In the 1968 Olympics, Foreman stayed notably apolitical, distancing himself from Tommy Smith, John Carlos, and other U.S. athletes who protested apartheid. While Smith and Carlos raised their black glove-covered fists on the medal podium, Foreman celebrated his gold more quietly, waving a small United States flag. “I just do my own thing,” he said after his victory. “I am no Uncle Tom.” That was the Foreman who became popular with politicians—the Foreman who would meet for photographs and handshakes at the banquets of those politicians who promised to continue funding his beloved Job Corps. When a representative of Richard Nixon approached Foreman seeking his support, he declined because the Republican presidential nominee planned to defund social programs.

There was the George Foreman who became a prize fighter and, especially after defeating Joe Frazier and Ken Norton, appeared invincible. When he fought Muhammad Ali in the famed 1974 Rumble in the Jungle, most assumed Foreman would leave Kinshasa, Zaire, undefeated. Oddsmakers had Foreman as a three-to-one favorite. When Ali won, Foreman scrambled for answers. An existential dread accompanies every loss a boxer faces, a feeling only intensified by an upset to the undefeated heavyweight champion of the world. “I felt as if my core had evaporated,” Foreman said of the loss. Less than three years after losing to Ali, there was the Foreman who abruptly retired, became an evangelical minister, and even went back to where it all began to fall apart. “He returned to Zaire to preach instead of punch,” Smith explains.

And, finally, there was Foreman the comeback story. A decade after he retired, he returned to the ring. An old man by the standards of professional athletes, he was noticed by many but taken seriously by few. Foreman—once described by Norman Mailer as a “catatonic menace”— had changed. He smiled and joked. No longer the muscular 20-something who looked to have the perfect physique for boxing, the overweight Foreman was self-deprecating. Remarkably, two decades after losing boxing’s heavyweight world championship, he regained it. At 45, Foreman jokingly thanked “all [his] old buddies in the nursing home” as soon as he won. “[I] exorcised the ghost once and forever,” a serious Foreman said of that loss in Zaire that haunted him.

That’s the Foreman closest to the one many recognize now: The grandfatherly pitchman who made a fortune selling a moribund grill that came to life once it had his name on it. Previously marketed as the Fajita Express, the product had been a flop, but the rebranded “George Foreman Lean Mean Fat Reducing Machine” went on to sell more than 100 million units. “Foreman’s royalties escalated to millions of dollars a month,” Smith explains of the ’90s kitchen staple’s incredible success.

For a state best-known for its football talent, Texas has also given birth to great boxers. Their stories show that boxing has always been a poor man’s sport. Among the best were Jack Johnson from Galveston, Curtis Cokes from Dallas, and Orlando Canizales from Laredo.
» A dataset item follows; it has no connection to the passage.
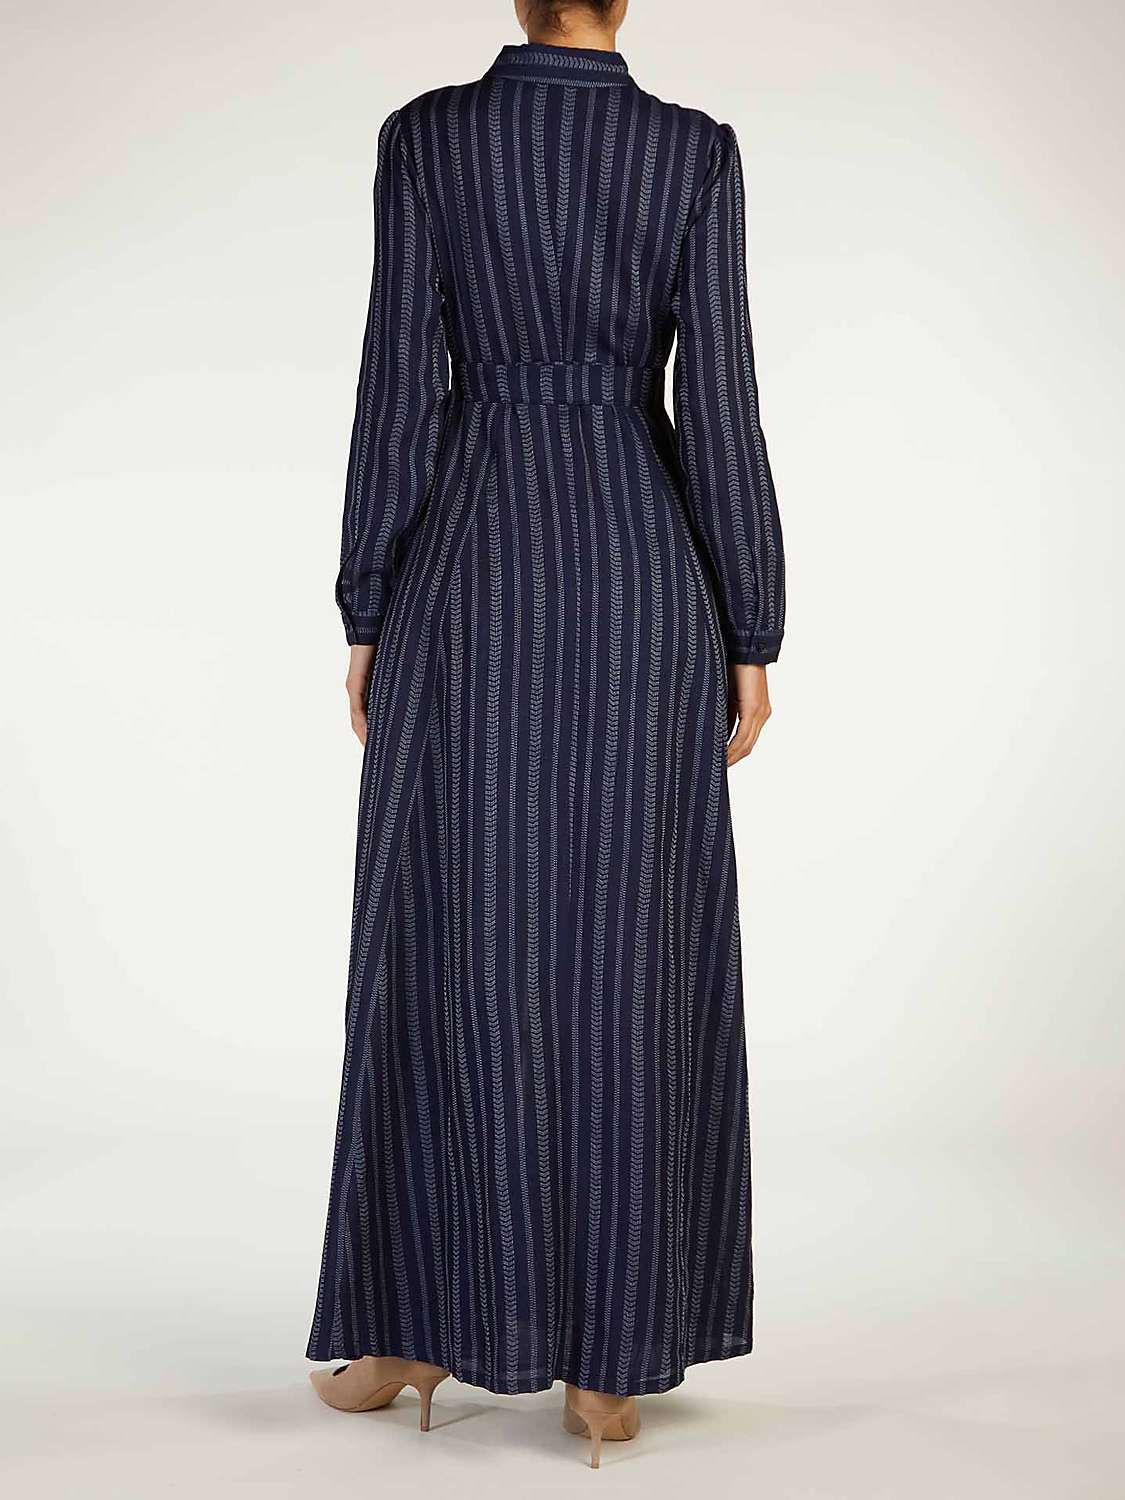 Buy Aab Herringbone Weave Maxi Dress, Navy Multi Online at johnlewis.com

But out of all the great boxers from Texas, perhaps George Foreman best represents contemporary society.

From an era when boxing’s influence reverberated across the United States and the globe, to when Foreman became better known for his infomercials than what he accomplished in the ring, No Way but to Fight uses the boxer as a lens to show a changing society. Smith emphasizes Foreman’s ability to reshape and adapt his image while also noting the athlete’s complexities. He writes of a boxer who ultimately triumphed in the most unvirtuous of sports. By what he accomplished inside the ring, Foreman built an empire outside it, ensuring “his descendants won’t have to fight in the same way.”